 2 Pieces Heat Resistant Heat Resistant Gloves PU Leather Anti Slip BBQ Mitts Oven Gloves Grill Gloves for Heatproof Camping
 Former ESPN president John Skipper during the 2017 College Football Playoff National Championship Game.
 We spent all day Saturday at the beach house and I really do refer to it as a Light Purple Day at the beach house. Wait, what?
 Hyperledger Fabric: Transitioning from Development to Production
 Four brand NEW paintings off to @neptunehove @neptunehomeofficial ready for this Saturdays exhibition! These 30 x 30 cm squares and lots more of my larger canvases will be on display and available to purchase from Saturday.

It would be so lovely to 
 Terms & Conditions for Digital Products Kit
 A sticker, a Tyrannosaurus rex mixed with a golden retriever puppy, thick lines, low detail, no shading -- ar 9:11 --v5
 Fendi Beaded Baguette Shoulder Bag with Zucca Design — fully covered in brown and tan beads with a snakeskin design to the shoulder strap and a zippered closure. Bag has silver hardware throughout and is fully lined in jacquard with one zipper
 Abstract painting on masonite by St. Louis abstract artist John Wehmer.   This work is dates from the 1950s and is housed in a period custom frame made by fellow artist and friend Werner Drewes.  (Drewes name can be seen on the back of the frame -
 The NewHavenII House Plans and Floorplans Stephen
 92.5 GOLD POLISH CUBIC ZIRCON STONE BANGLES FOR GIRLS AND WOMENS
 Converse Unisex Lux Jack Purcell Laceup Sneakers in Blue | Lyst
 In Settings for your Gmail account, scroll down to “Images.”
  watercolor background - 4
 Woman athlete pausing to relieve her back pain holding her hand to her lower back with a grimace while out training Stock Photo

········

From the records given above, copy all lines containing "John".

• _Expected answer_
 Former ESPN president John Skipper during the 2017 College Football Playoff National Championship Game.
 Abstract painting on masonite by St. Louis abstract artist John Wehmer.   This work is dates from the 1950s and is housed in a period custom frame made by fellow artist and friend Werner Drewes.  (Drewes name can be seen on the back of the frame -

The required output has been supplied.